An odd sense of liberation began to dawn, a removal of the compulsion to be “in contact”.
I wonder briefly if perhaps I should build in contingency to my travel for such occasions: How would I, for instance call to rearrange my flight had I got stuck on the autobahn? I would be pretty stuck, yes. Maybe I could purchase a phone card for credit on payphones. Do they still exist? You know, I can’t recall seeing one for years. But perhaps, like the hum of the engines, I wouldn’t notice until I brought my attention to bear on the subject.

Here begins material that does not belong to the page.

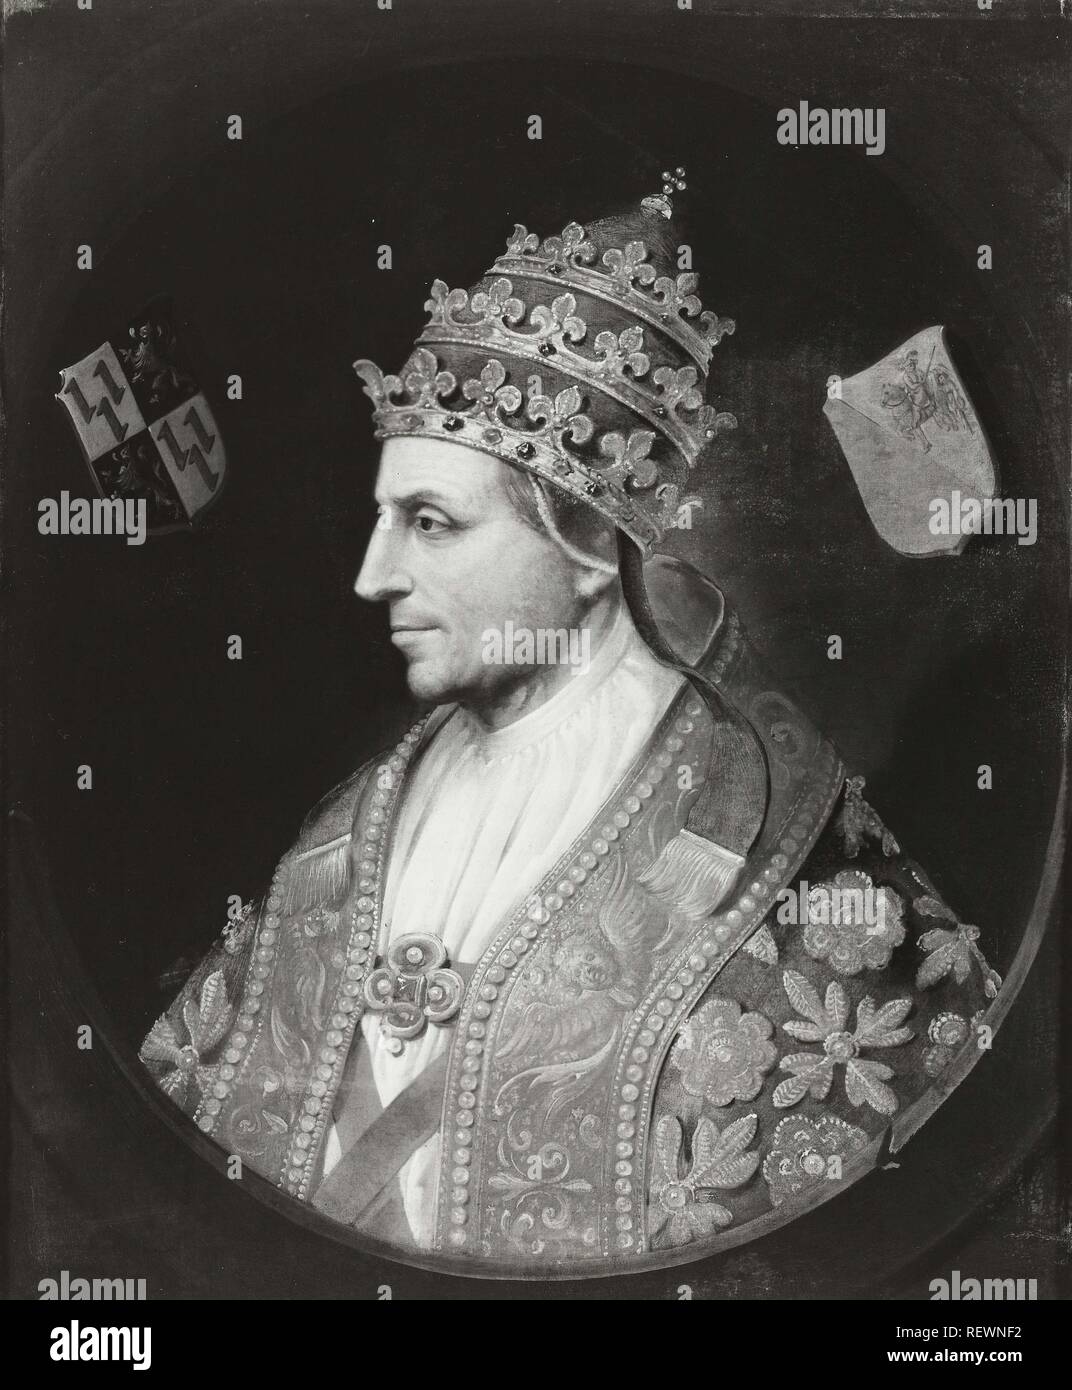 Le pape Adrien VI. Dating : après c. 1520 - 1599. Lieu : Noord-Nederland. Mesures : support : h 78,5 cm × w 65 cm. Musée : Rijksmuseum, Amsterdam. Banque D'Images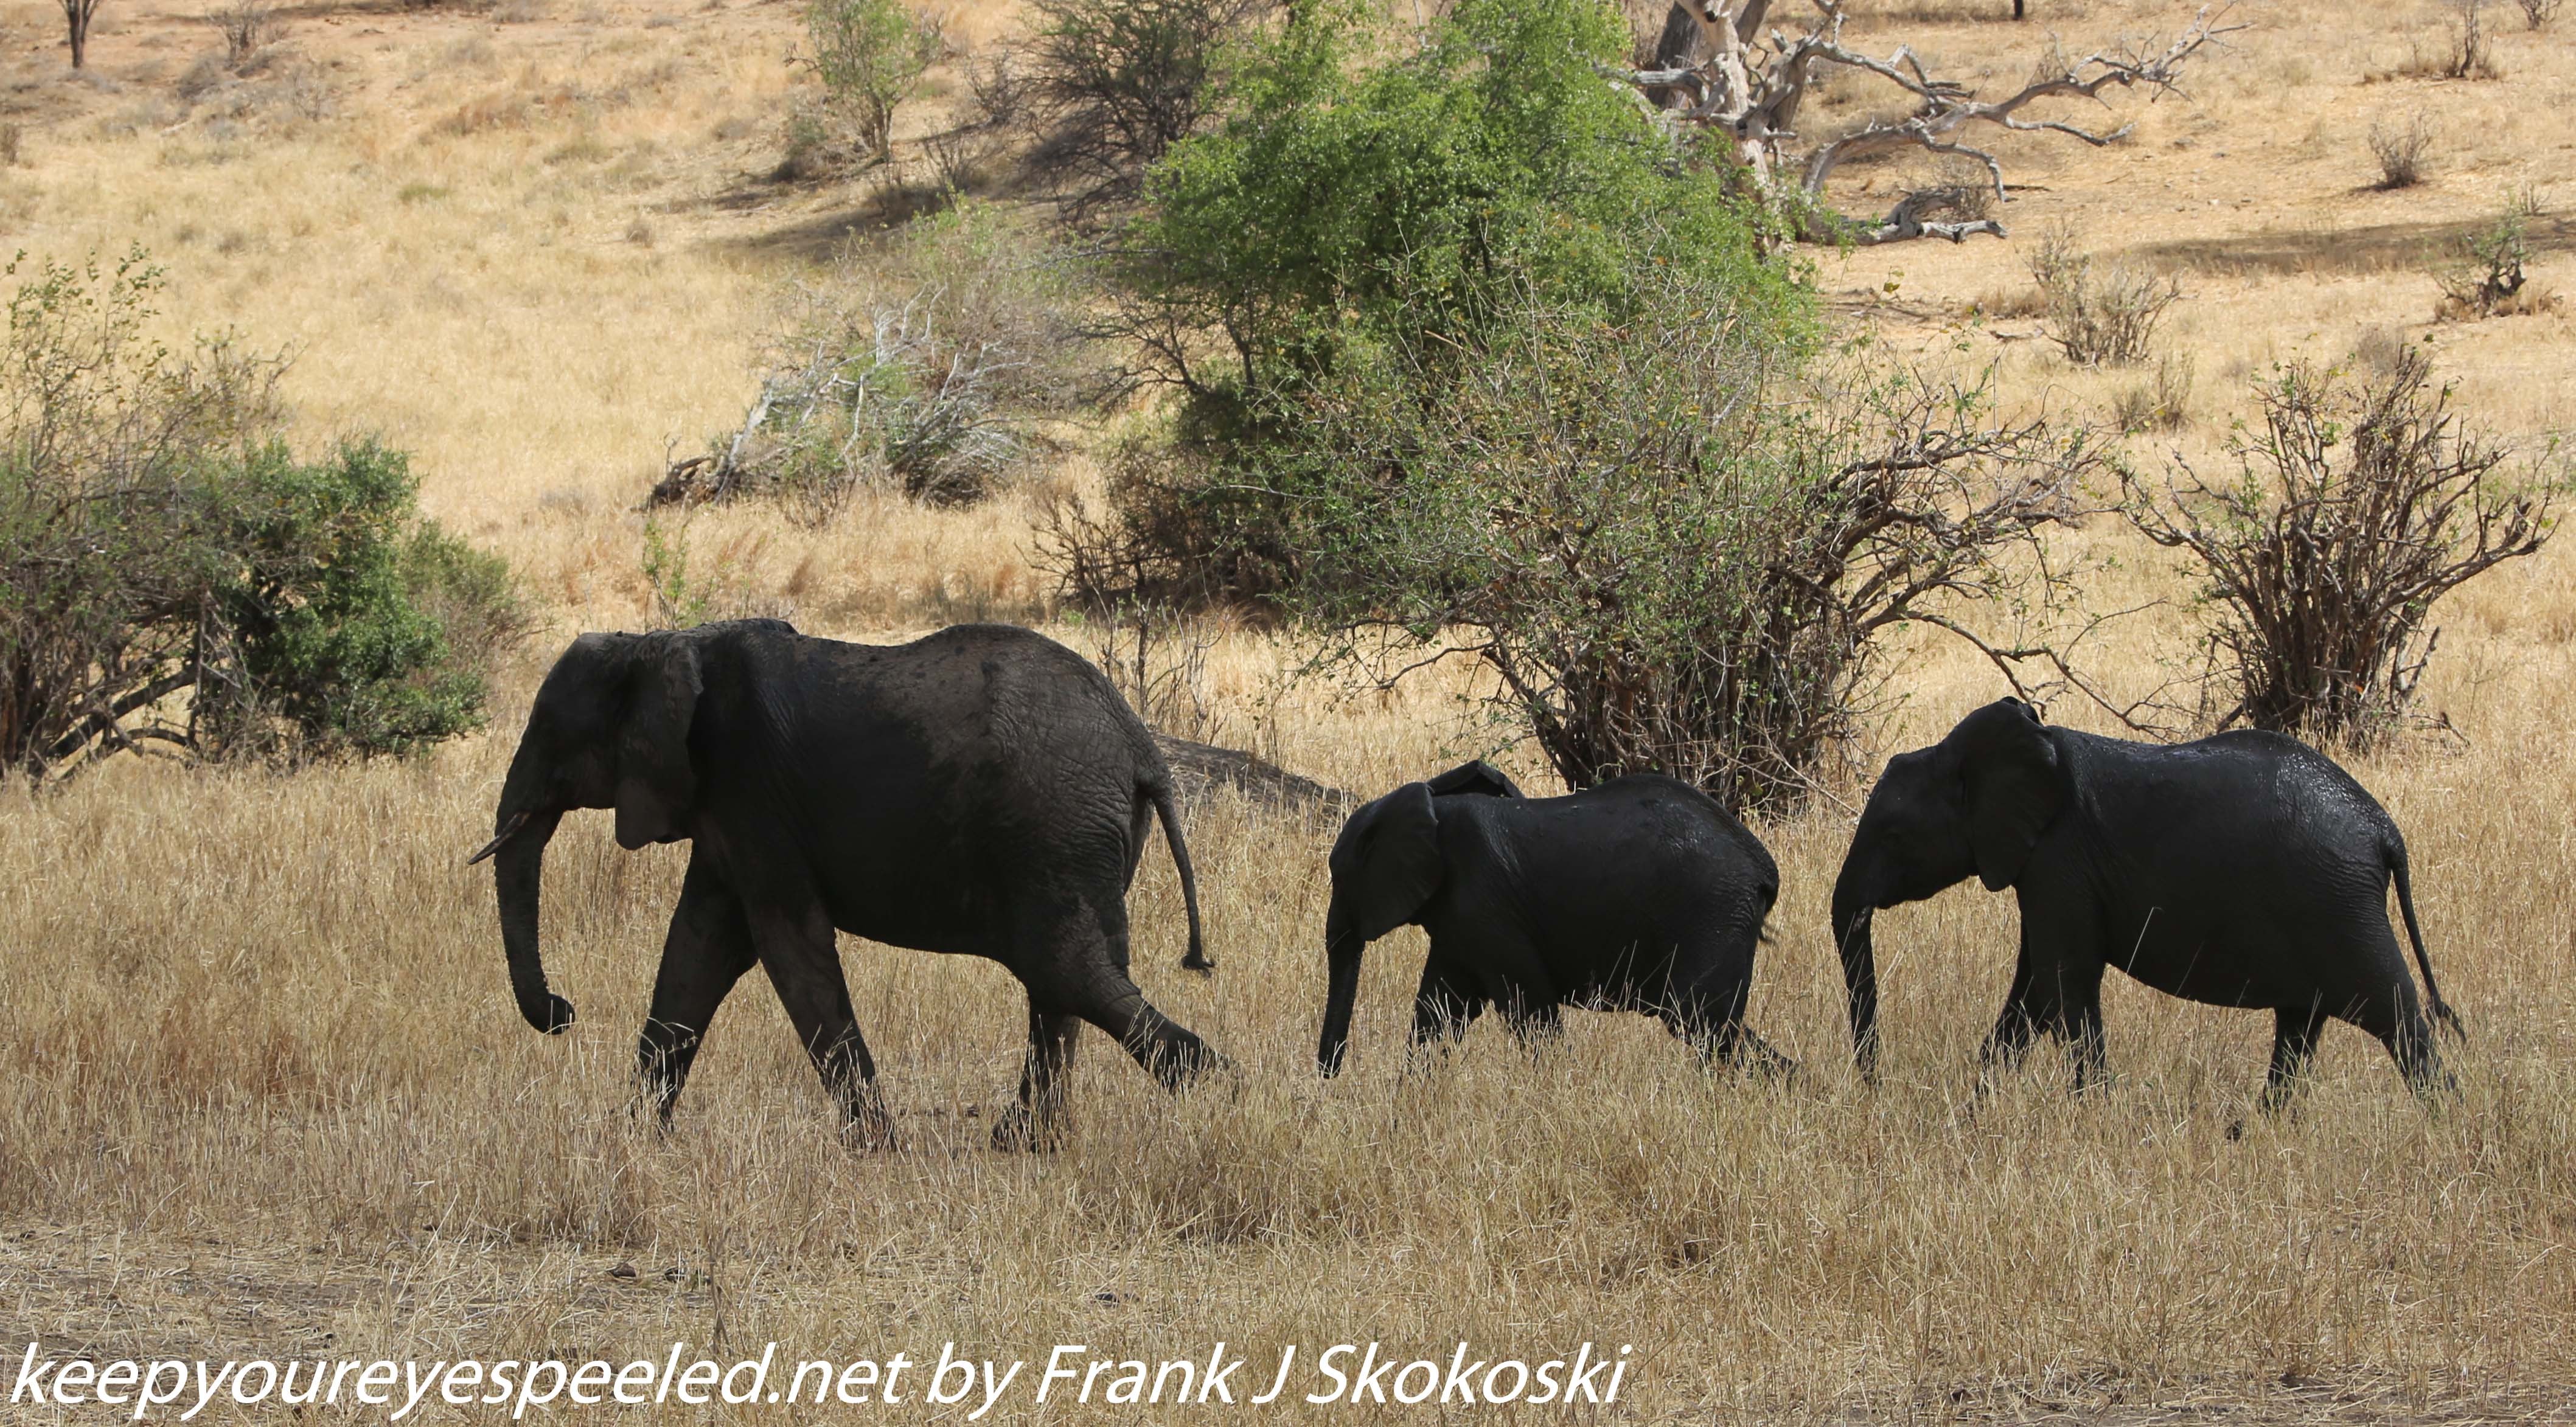 Tanzania-Day-Seven-Tarangire-elephants-30-of-31

I think that in the twenty years or more I have had a mobile phone for business travel, this is the first time I have been without the services of one. Ok, the first ones required considerable wrist strength to hold any lengthy conversation but there was always a link to the world of friends, loved ones and support back at the office. And now, here I am with no phone. Is it worth contingency for such rare incidences? I suppose it is one of those calculations we perform, based upon our inherent “risk thermostat”: What situations might arise, what seriousness do they present and how much trouble are we prepared to go to in order to prevent such circumstances being more than a minor inconvenience?
It’s a question of general interest I suppose, affecting such things as insurance and disease prevention, self-defence and smoking. What risks are we prepared to accept in the name of convenience or enjoyment and what do feel an imperative urge to plan contingency for?
I didn’t miss my flight. I might have some issues with getting my car when I arrive at the airport as I use the parking chap who takes it away and brings it back when I land (presumably washing his hands due to the filthy, elderly and knackered state of my old Skoda, so different from the shiny BMWs left by other, more image-conscious and wealthy business travelers).
In general then, perhaps we distress ourselves too much with imaginings. Somehow, sitting here regarding the sounds around me, I feel that this must be the case and resolve to bring the same detached  observation to whatever troublesome thoughts appear to attempt to ruffle the mellow spiritual creaminess in which I attempt to live my life.

Let’s see if it works with in flight turbulence, shall we?